Mwathi said villagers feel the attacks might escalate following the withdrawal of Anti-Stock Theft Police Unit officers after Education CS George Magoha asked teachers to report back to school.

“Among the issues we agreed on at Bomas on August 11 was housing the Anti-Stock Theft Police at Kiriri Primary School. But in preparation for teachers to report back to school on Monday, the officers were withdrawn last week,” he said.

Former Ndeiya MCA Nelson Munga said the government has not been serious as it was agreed that both Kajiado and Kiambu would mark their boundaries so that whoever crosses with flocks of sheep or herd of cattle can be questioned by the police, chief or an assistant chief from either county.

Munga said regional coordinators Wilson Nyagwanga (Central) and George Natembeya (Rift Valley) have failed to lead the exercise as agreed.

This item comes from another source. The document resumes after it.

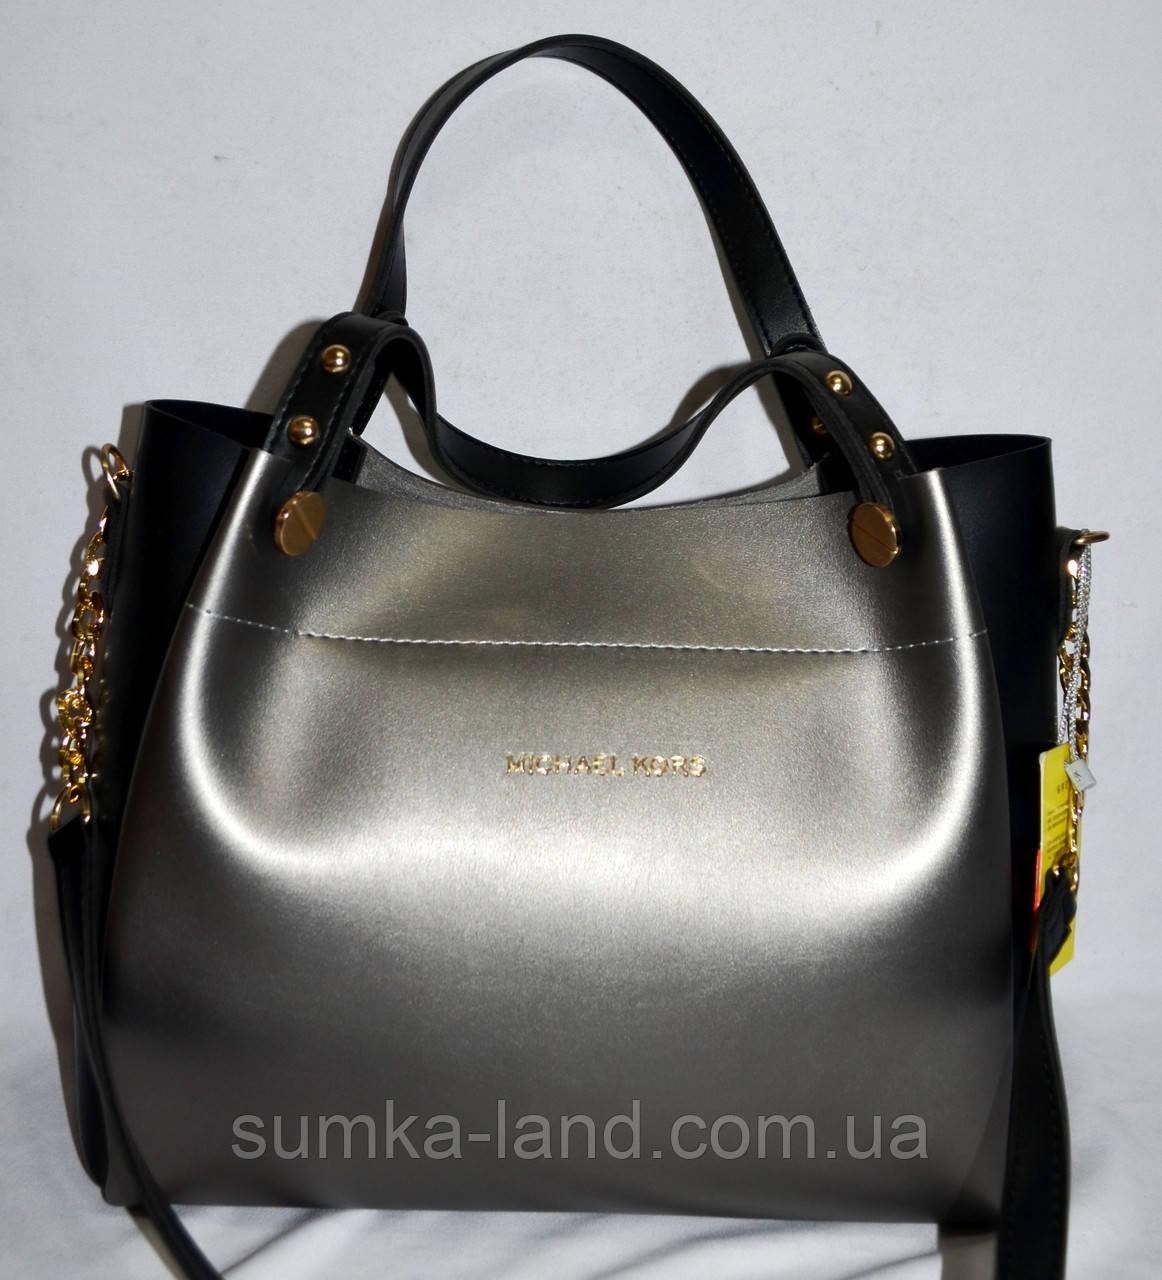 Женская серебристая с черным сумка Michael Kors с золотой фурнитурой и болтами на ручке 32*27 см

Current MCA Gideon Gachara, who is also the Kiambu assembly Majority leader, said residents are living in fear and might be overwhelmed by feelings of revenge.

He said he will table a petition to compel the government to hold meetings in the area and lay strategies of bringing a lasting solution to the cattle rustling.

“We do not want to hear of cattle rustling here any longer,” Gachara said.

Gachara said that within six months before the Bomas meeting, about 120 cows, 600 sheep and 60 donkeys were stolen.